Summary
This Form 8-K filing by Prologis, Inc. (PLD) on October 13, 2015, details the completion of a significant property acquisition and subsequent disposition strategy. The company acquired a portfolio of properties for approximately $820 million, including the assumption of debt, on October 9, 2015. This acquisition was financed in part through the issuance of limited partnership units, including 32,655 common units and 8,894,478 Class A Convertible Common Units, at a price of $43.11 per unit, conducted under an exemption from registration. Crucially for investors, Prologis also announced its intention to immediately sell a portion of these acquired retail properties to affiliates of Blackstone Real Estate Advisors L.P. for approximately $374 million, including debt assumption and subject to adjustments. This transaction is anticipated to close in the fourth quarter of 2015. The filing also includes an amendment to the Partnership Agreement to establish the terms of the newly issued Class A Units, which are convertible into common limited partnership units.
Key Highlights
- 1Prologis completed a $820 million property acquisition on October 9, 2015, including assumed debt.

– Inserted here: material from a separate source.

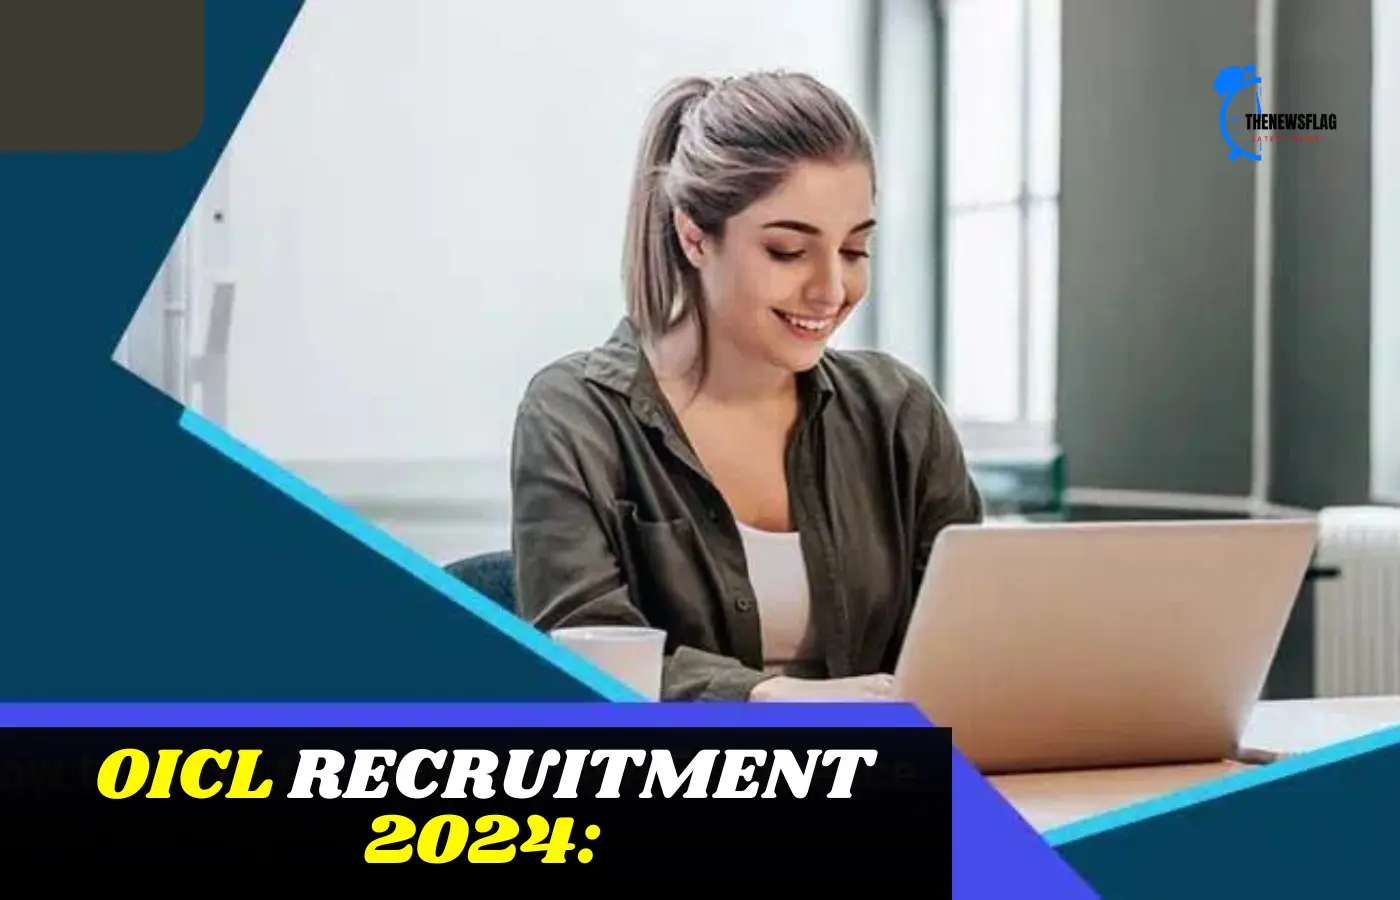 OICL Recruitment 2024: Visit orientalinsurance.org.in to register for a 100th administrative officer position.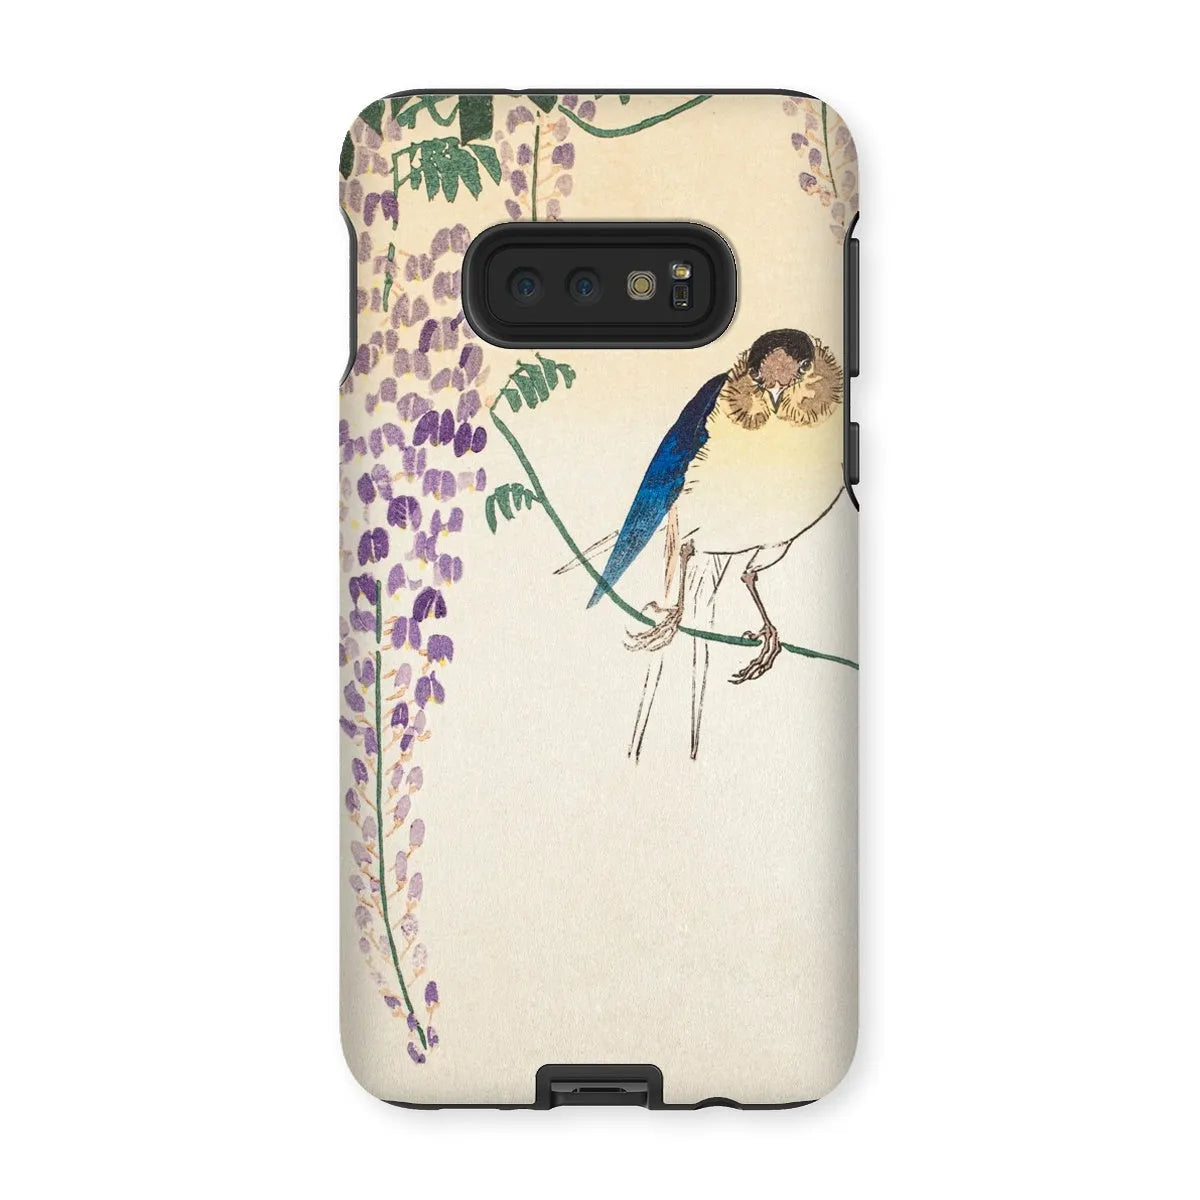 Wisteria And Swallow - Japanese Art Phone Case - Ohara Koson - Samsung Galaxy S10e / Matte - Mobile Phone Cases

- 2The acquisition was partially funded by issuing 32,655 common and 8,894,478 Class A convertible limited partnership units at $43.11 per unit.
- 3The issuance of these units was made under Section 4(a)(2) of the Securities Act of 1933, exempting them from registration requirements.
- 4Prologis entered into an agreement to sell a portion of the acquired retail properties for approximately $374 million (including assumed debt).
- 5The sale of the retail properties is expected to close in the fourth quarter of 2015.
- 6An amendment to the Partnership Agreement was executed to define terms for the Class A Convertible Common Units.
- 7The Class A Units are convertible into common limited partnership units.